Psychosoziale Unterstützung
Der lange unerfüllte Kinderwunsch, der Weg durch eine Kinderwunschbehandlung und die damit verbundenen Ängste, Sorgen und Zweifel nagen sehr an der psychischen Substanz und belasten viele Frauen und Paare. Das spiegelt sich auch in der hohen Abbruchrate von Kinderwunschbehandlungen wieder. Als Hauptursache für den Abbruch einer Kinderwunschbehandlung wird die psychische Belastung genannt. Zusätzlich belastend sind Mythen um den unerfüllten Kinderwunsch und gut gemeinte Ratschläge von allen Seiten.

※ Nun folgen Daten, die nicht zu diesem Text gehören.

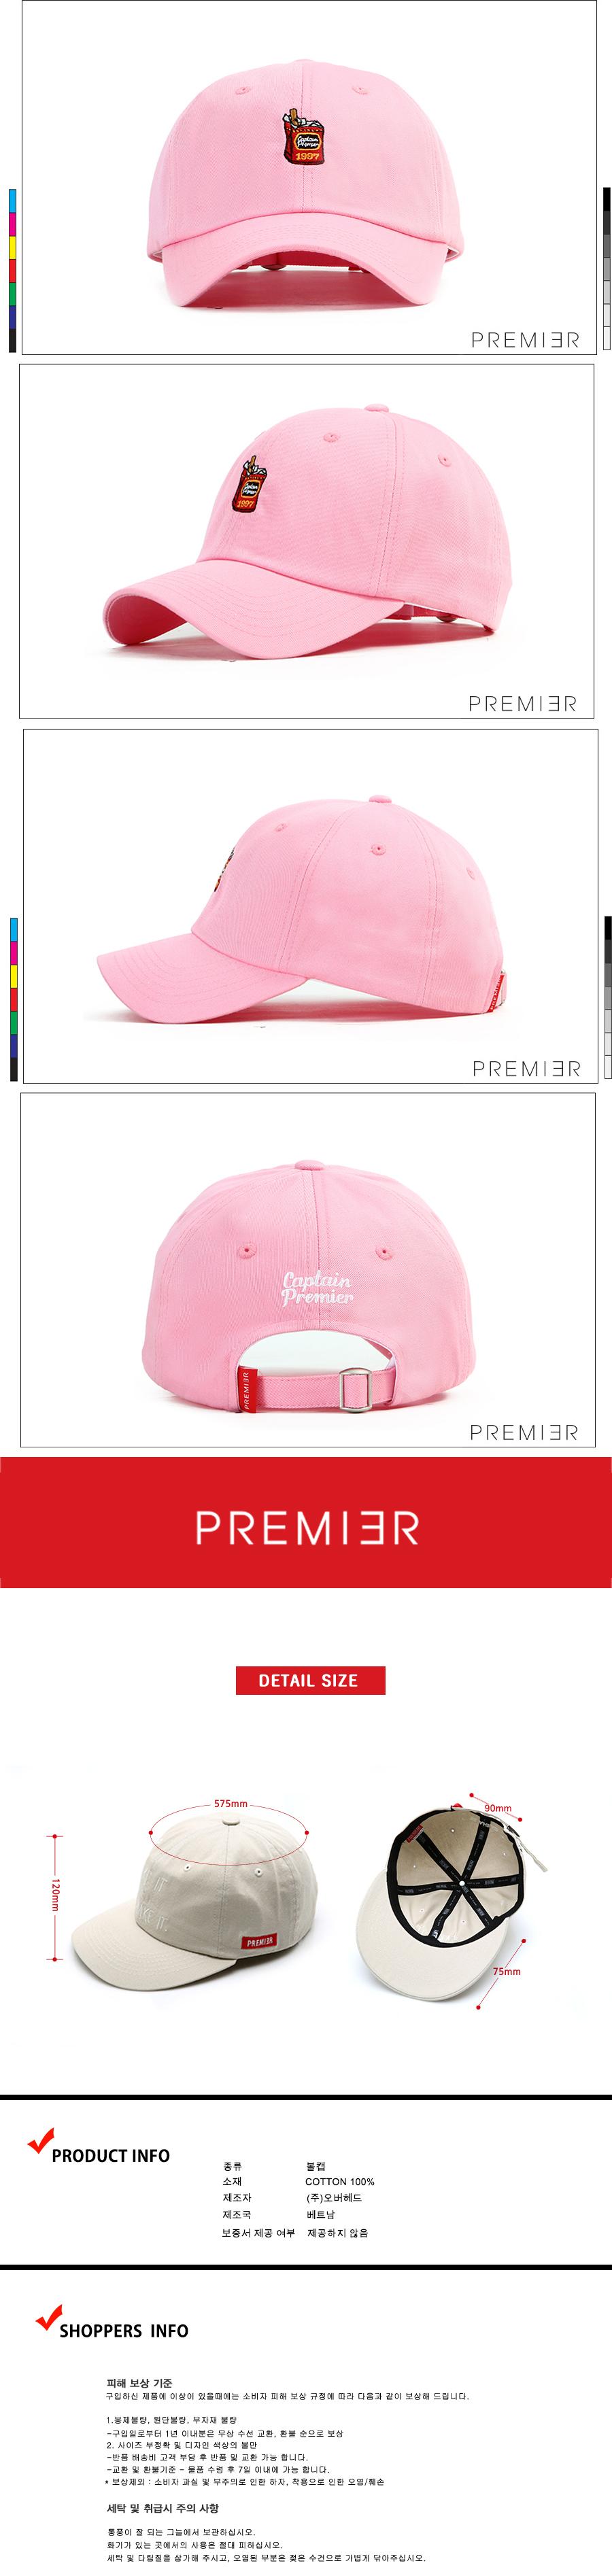 [ PREMIER ] [Premier] Ball Cap Cigarette Pink (P930)

Ein unerfüllter Kinderwunsch bedeutet Stress auf vielen Ebenen. Wir vertreten die Ansicht, dass Sie sich während einer Behandlung emotional so gut wie möglich fühlen sollten. Aus langjähriger Erfahrung wissen wir jedoch, dass eine psychosoziale Unterstützung nur selten in Kinderwunschzentren angeboten wird.

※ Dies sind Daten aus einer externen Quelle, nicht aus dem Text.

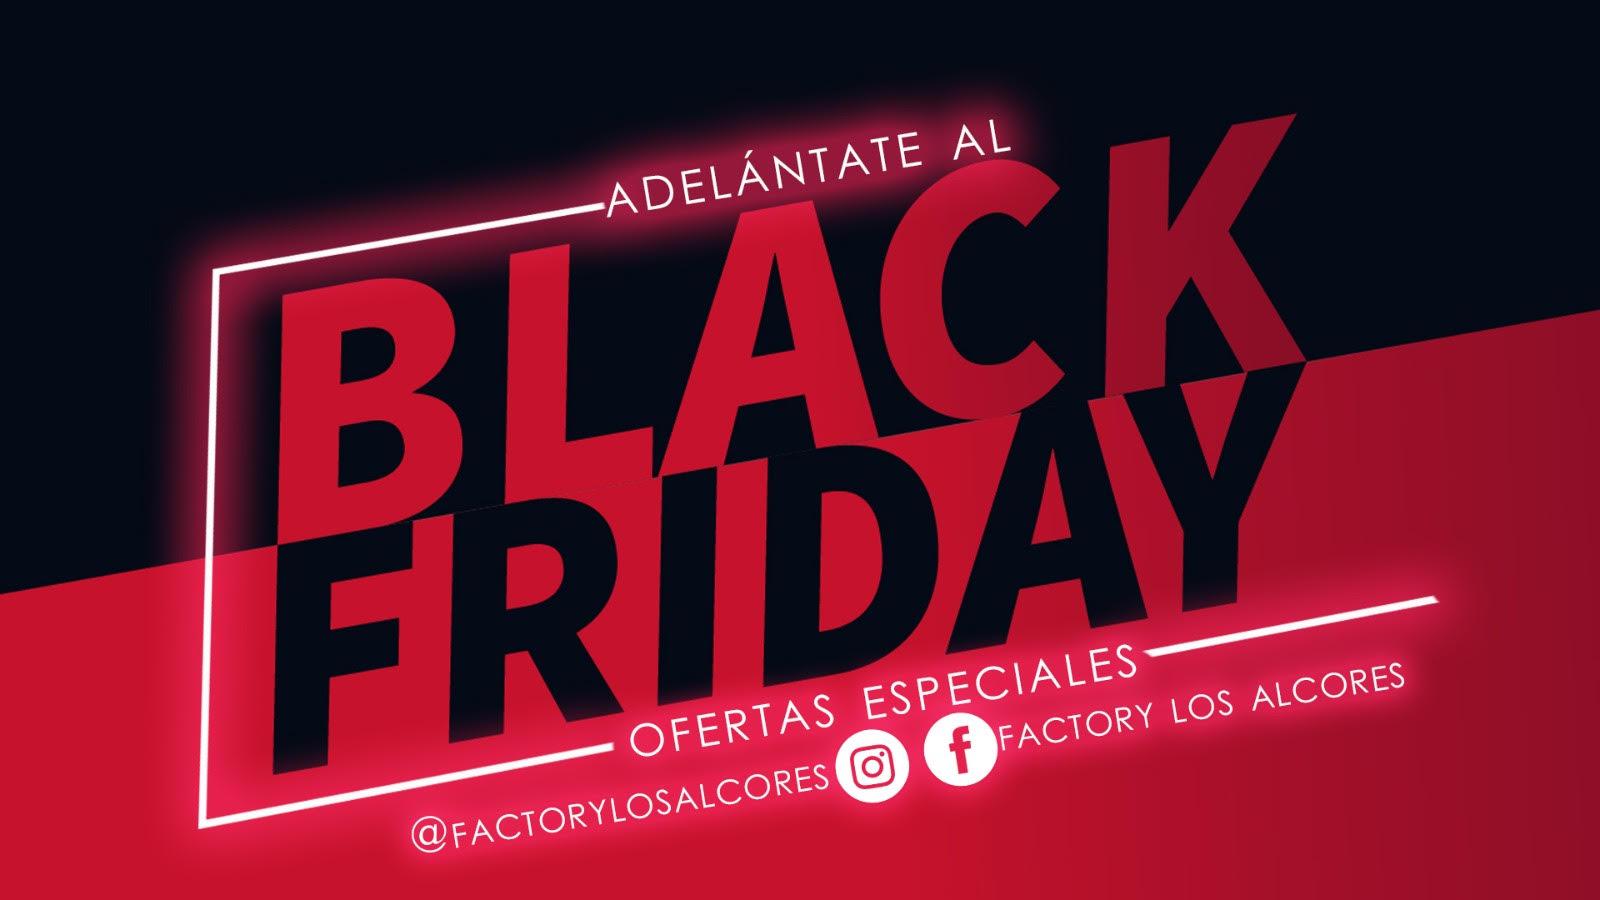 BLACK FRIDAY FACTORY LOS ALCORES

Frau Dr. Ute Bungard (Fachärztin für Psychotherapeutische Medizin), Frau Katharina Voss (Dipl.-Psychologin) und Frau Christiane Hölkemeier (systematische Therapeutin und Heilpraktikerin) unterstützen Sie und uns auf unserem gemeinsamen Weg des Kinderwunsches. Durch die psychosoziale Begleitung können Sie eine Entlastung der eigenen Lebenssituation erreichen, indem die Paarkommunikation unterstützt und Strategien zum Umgang mit Familie, Freunden oder Job erarbeitet werden. Denn wenn Ihr emotionales Gleichgewicht gestärkt ist, haben Sie wieder Ressourcen für die Kinderwunschbehandlung.